Wootton argues this, for the most part, by tracing changes in language. Several chapters have a common structure: Wootton identifies a word, like evidence or hypothesis, that has an important role in how we talk about science. He then tracks that word back to its antecedents, showing how early scientists borrowed and coined the words they needed to describe the new type of reasoning they had pioneered.

Some of the most compelling examples come early on. Wootton points out that the word “discover” only became common in European languages after Columbus’s discovery of the new world: first in Portugese, then later in the rest of Europe. Before then, the closest term meant something more like “find out”, and was ambiguous: it could refer to finding something that was already known to others. Thus, early writers had to use wordy circumlocutions like “found out that which was not known before” to refer to genuine discovery.

The book covers the emergence of new social conventions in a similar way. For example, I was surprised to learn that the first recorded priority disputes were in the sixteenth century. Before then, discoveries weren’t even typically named for their discoverers: “the Pythagorean theorem”, oddly enough, is a name that wasn’t used until after the scientific revolution was underway. Beginning with explorers arguing over the discovery of the new world and anatomists negotiating priority for identifying the bones of the ear or the “discovery” of the clitoris, the competitive element of science began to come into its own.

Along the way, Wootton highlights episodes both familiar and obscure. You’ll find Bruno and Torricelli, yes, but also disputes over whether the seas are higher than the land or whether a weapon could cure wounds it caused via the power of magnetism.

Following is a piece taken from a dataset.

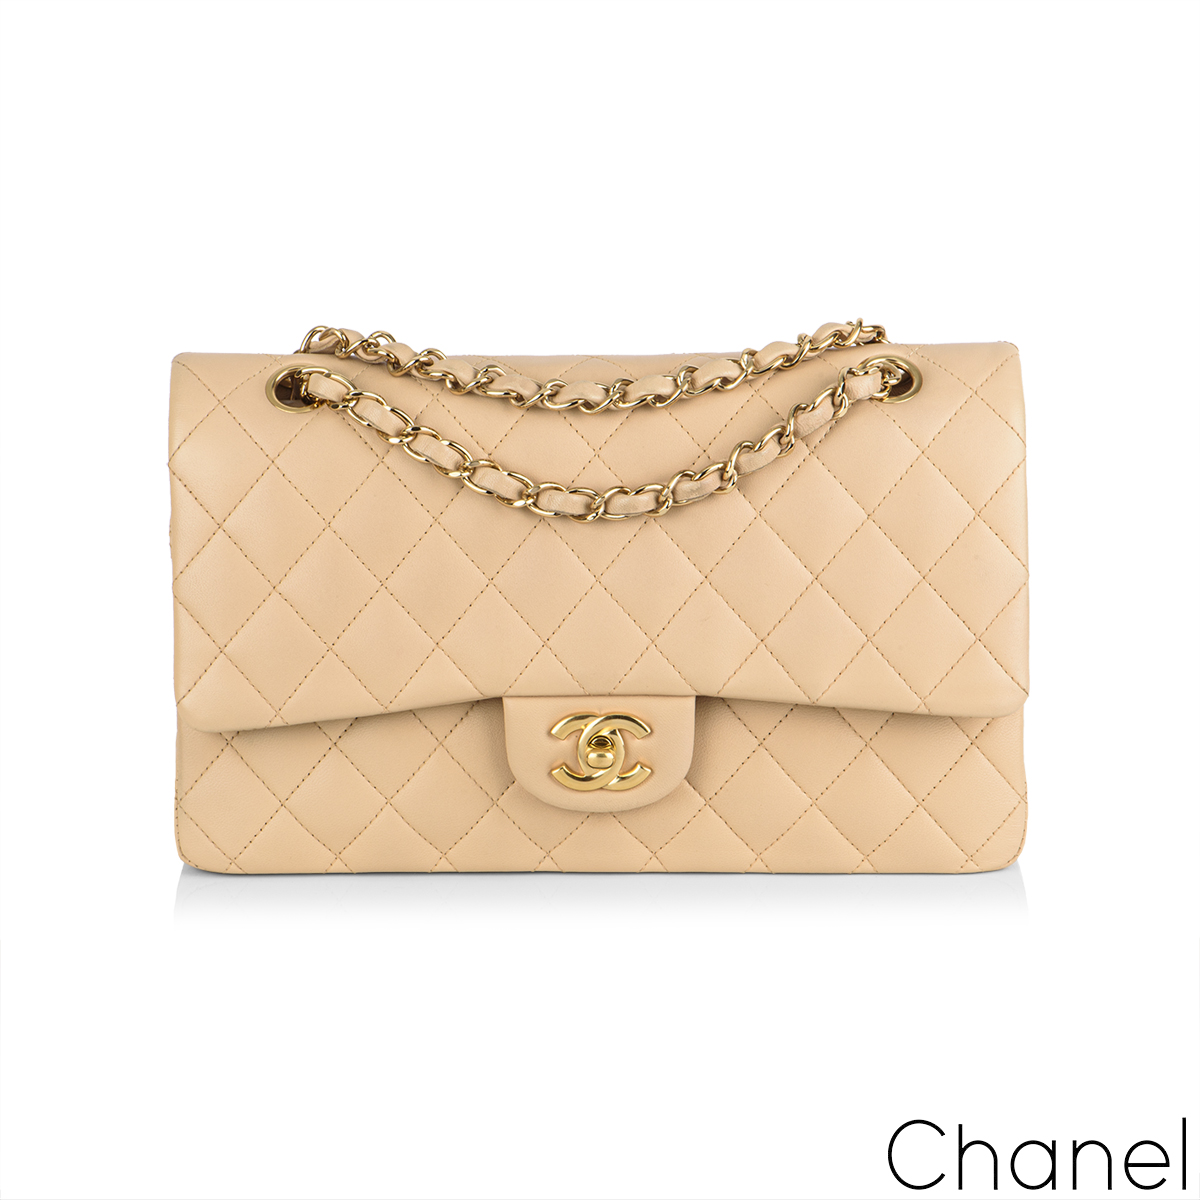 Chanel Beige Lambskin Medium Double Flap Bag

For anyone as fascinated by the emergence of science as I am, it’s a joyous wealth of detail.

If I had one complaint, it would be that for a lay reader far too much of Wootton’s book is taken up by disputes with other historians. His particular foes are relativists, though he spares some paragraphs to attack realists too. Overall, his dismissals of his opponents are so pat, and his descriptions of their views so self-evidently silly, that I can’t help but suspect that he’s not presenting them fairly. Even if he is, the discussion is rather inside baseball for a non-historian like me.

I read part of Newton’s Principia in college, and I was hoping for a more thorough discussion of Newton’s role. While he does show up, Wootton seems to view Newton as a bit of an enigma: someone who insisted on using the old language of geometric proofs while clearly mastering the new science of evidence and experiment. In this book, Newton is very much a capstone, not a focus.

Overall, The Invention of Science is a great way to learn about the twists and turns of the scientific revolution. If you set aside the inter-historian squabbling (or if you like that sort of thing) you’ll find a book brim full of anecdotes from the dawn of modern thought, and a compelling argument that what we do as scientists is neither an accident of culture nor obvious common-sense, but a hard-won invention whose rewards we are still reaping today.